* Exercise prompt:
Copy the entries out again in full.

====== Data for the task ======

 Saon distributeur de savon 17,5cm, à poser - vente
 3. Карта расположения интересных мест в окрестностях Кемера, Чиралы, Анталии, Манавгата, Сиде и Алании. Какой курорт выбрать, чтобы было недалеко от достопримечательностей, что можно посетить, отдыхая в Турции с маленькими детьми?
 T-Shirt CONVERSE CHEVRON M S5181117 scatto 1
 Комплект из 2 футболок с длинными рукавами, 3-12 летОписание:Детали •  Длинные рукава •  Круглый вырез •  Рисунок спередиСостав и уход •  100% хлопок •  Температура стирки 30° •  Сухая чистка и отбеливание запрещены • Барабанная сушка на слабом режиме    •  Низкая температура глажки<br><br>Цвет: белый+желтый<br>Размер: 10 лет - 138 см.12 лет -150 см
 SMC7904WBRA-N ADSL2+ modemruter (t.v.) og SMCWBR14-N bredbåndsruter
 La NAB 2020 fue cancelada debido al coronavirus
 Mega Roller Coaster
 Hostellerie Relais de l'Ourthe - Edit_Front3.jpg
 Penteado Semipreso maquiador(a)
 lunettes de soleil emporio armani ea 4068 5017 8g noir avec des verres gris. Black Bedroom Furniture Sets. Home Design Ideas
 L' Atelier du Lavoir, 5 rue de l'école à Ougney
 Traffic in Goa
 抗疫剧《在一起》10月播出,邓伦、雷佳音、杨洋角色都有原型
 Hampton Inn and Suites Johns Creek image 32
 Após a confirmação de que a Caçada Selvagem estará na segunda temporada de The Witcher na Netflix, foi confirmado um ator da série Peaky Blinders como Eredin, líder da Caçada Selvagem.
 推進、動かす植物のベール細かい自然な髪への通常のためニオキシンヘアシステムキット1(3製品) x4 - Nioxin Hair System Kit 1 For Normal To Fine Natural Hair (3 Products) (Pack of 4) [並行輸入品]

======

* Solution to this exercise:
 Saon distributeur de savon 17,5cm, à poser - vente
 3. Карта расположения интересных мест в окрестностях Кемера, Чиралы, Анталии, Манавгата, Сиде и Алании. Какой курорт выбрать, чтобы было недалеко от достопримечательностей, что можно посетить, отдыхая в Турции с маленькими детьми?
 T-Shirt CONVERSE CHEVRON M S5181117 scatto 1
 Комплект из 2 футболок с длинными рукавами, 3-12 летОписание:Детали •  Длинные рукава •  Круглый вырез •  Рисунок спередиСостав и уход •  100% хлопок •  Температура стирки 30° •  Сухая чистка и отбеливание запрещены • Барабанная сушка на слабом режиме    •  Низкая температура глажки<br><br>Цвет: белый+желтый<br>Размер: 10 лет - 138 см.12 лет -150 см
 SMC7904WBRA-N ADSL2+ modemruter (t.v.) og SMCWBR14-N bredbåndsruter
 La NAB 2020 fue cancelada debido al coronavirus
 Mega Roller Coaster
 Hostellerie Relais de l'Ourthe - Edit_Front3.jpg
 Penteado Semipreso maquiador(a)
 lunettes de soleil emporio armani ea 4068 5017 8g noir avec des verres gris. Black Bedroom Furniture Sets. Home Design Ideas
 L' Atelier du Lavoir, 5 rue de l'école à Ougney
 Traffic in Goa
 抗疫剧《在一起》10月播出,邓伦、雷佳音、杨洋角色都有原型
 Hampton Inn and Suites Johns Creek image 32
 Após a confirmação de que a Caçada Selvagem estará na segunda temporada de The Witcher na Netflix, foi confirmado um ator da série Peaky Blinders como Eredin, líder da Caçada Selvagem.
 推進、動かす植物のベール細かい自然な髪への通常のためニオキシンヘアシステムキット1(3製品) x4 - Nioxin Hair System Kit 1 For Normal To Fine Natural Hair (3 Products) (Pack of 4) [並行輸入品]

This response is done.